News & Resources

CLIENT ALERT: Trap for the Unwary Shareholder Activist: The Latest Tactic by Companies to Tilt the Playing Field in Proxy Contests

June 21, 2017
Steve Wolosky, Andrew Freedman and Ron Berenblat

Shareholder activists seeking to nominate director candidates for election to the boards of their portfolio companies are advised to be on the lookout for the latest trap for the unwary designed by company defense law firms to further entrench board members. The trap is embedded in questionnaires and representation agreements that are now commonly required to be submitted by a nominating shareholder’s director nominees under nomination procedures contained in company bylaws. Taking the bait can give the company a significant strategic advantage over the dissident in an election contest.

Consent of Dissident Nominee to Be Named on Company Proxy

Shareholder activists familiar with the nomination process know that it is now common practice for companies to require a nominating shareholder’s nominees to submit a questionnaire and representation agreement as part of the nomination submission. The questionnaires are typically similar to director and officer questionnaires companies use internally in order to obtain information from insiders required to be disclosed in their proxy statements and annual reports. The representation agreements typically require the dissident nominee to certify that such nominee will not have any undisclosed voting commitments with respect to his or her actions as a director, will not become a party to any agreement with any person other than the company with respect to compensation in connection with his or her service as a director, and will comply with the company’s internal policies if elected.

We are beginning to see questionnaires and representation agreements seeking to obtain the written consent of dissident nominees to be named as nominees in the company’s proxy materials. By way of example, the following item was buried in the last page of a 23-page questionnaire that the nominees of one of our activist clients were recently asked to complete:

CONSENT TO SERVE.

If you are a nominee for director:

I hereby consent to being named as a nominee for Director in the current Proxy Statement of the Company and agree to serve as a Director of the Company if elected at the Company’s current Annual Meeting of Stockholders.

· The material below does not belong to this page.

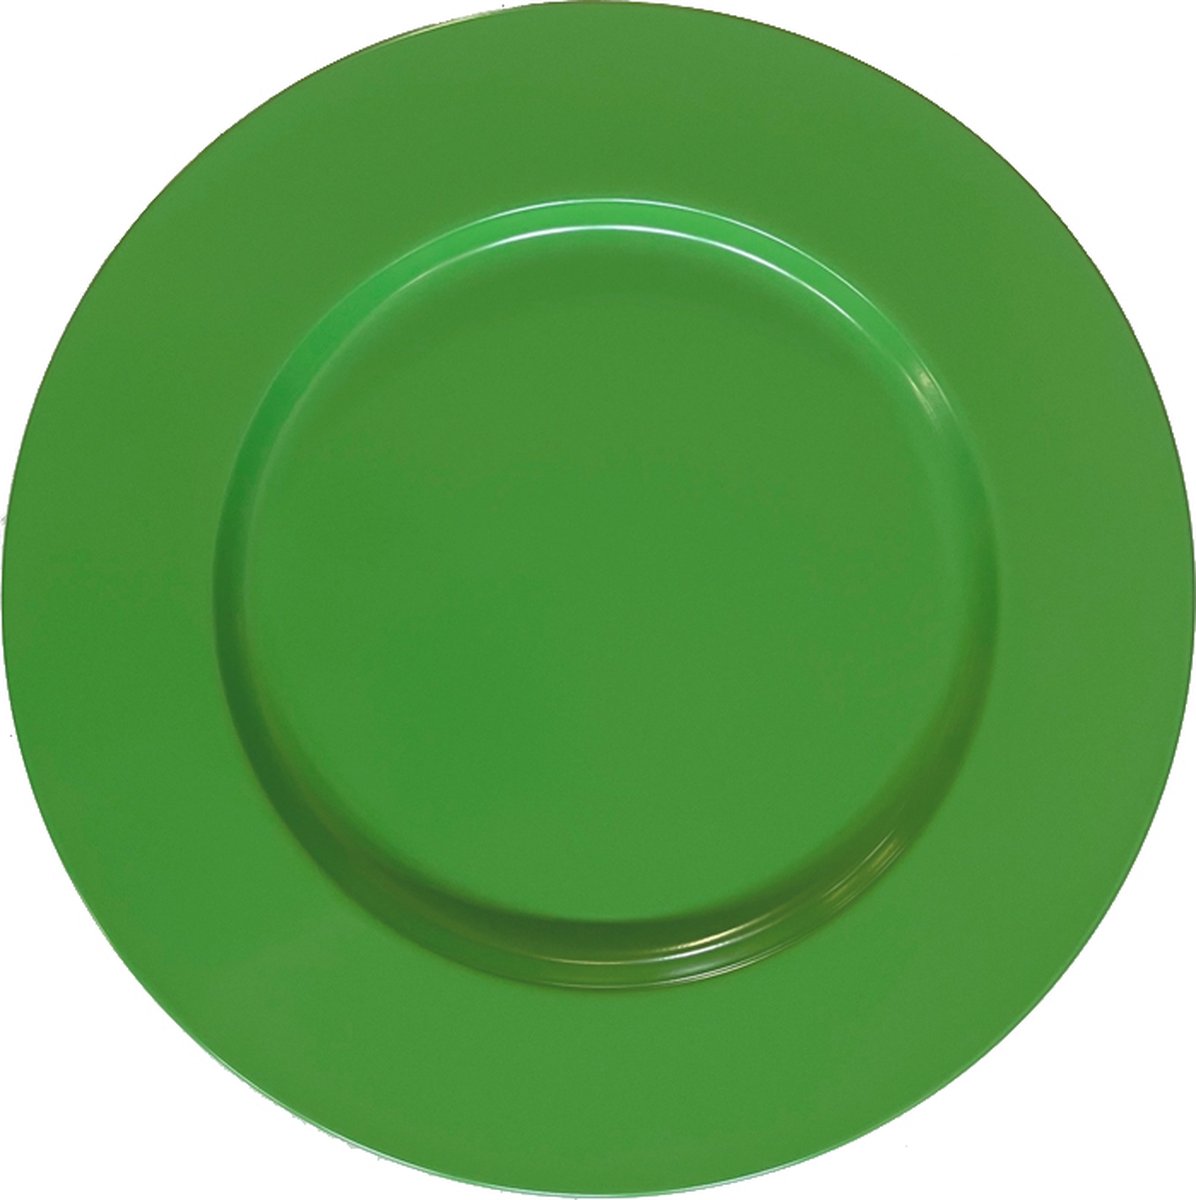 Metaal onderbord groen in set van 6 stuks

Initial to indicate consent: ___________

At first, we chalked this up to poor drafting by companies in re-purposing their existing forms of director and officer questionnaire for use as a nominee questionnaire since existing company directors are expected to consent to being named in the company’s proxy statement. However, overzealous defense advisors are beginning to seize on this seemingly inadvertent drafting error in an attempt to get a leg up on the dissident by purporting to require shareholder nominees to consent to being named in the company’s proxy.

Providing the written consent of a dissident nominee to be named as a nominee in the company’s proxy materials could be extremely detrimental to the dissident’s campaign as discussed in further detail below. It is therefore critical that any materials a nominating shareholder and its nominees are asked to sign by a target company as part of the nomination process be reviewed by counsel experienced in shareholder activism.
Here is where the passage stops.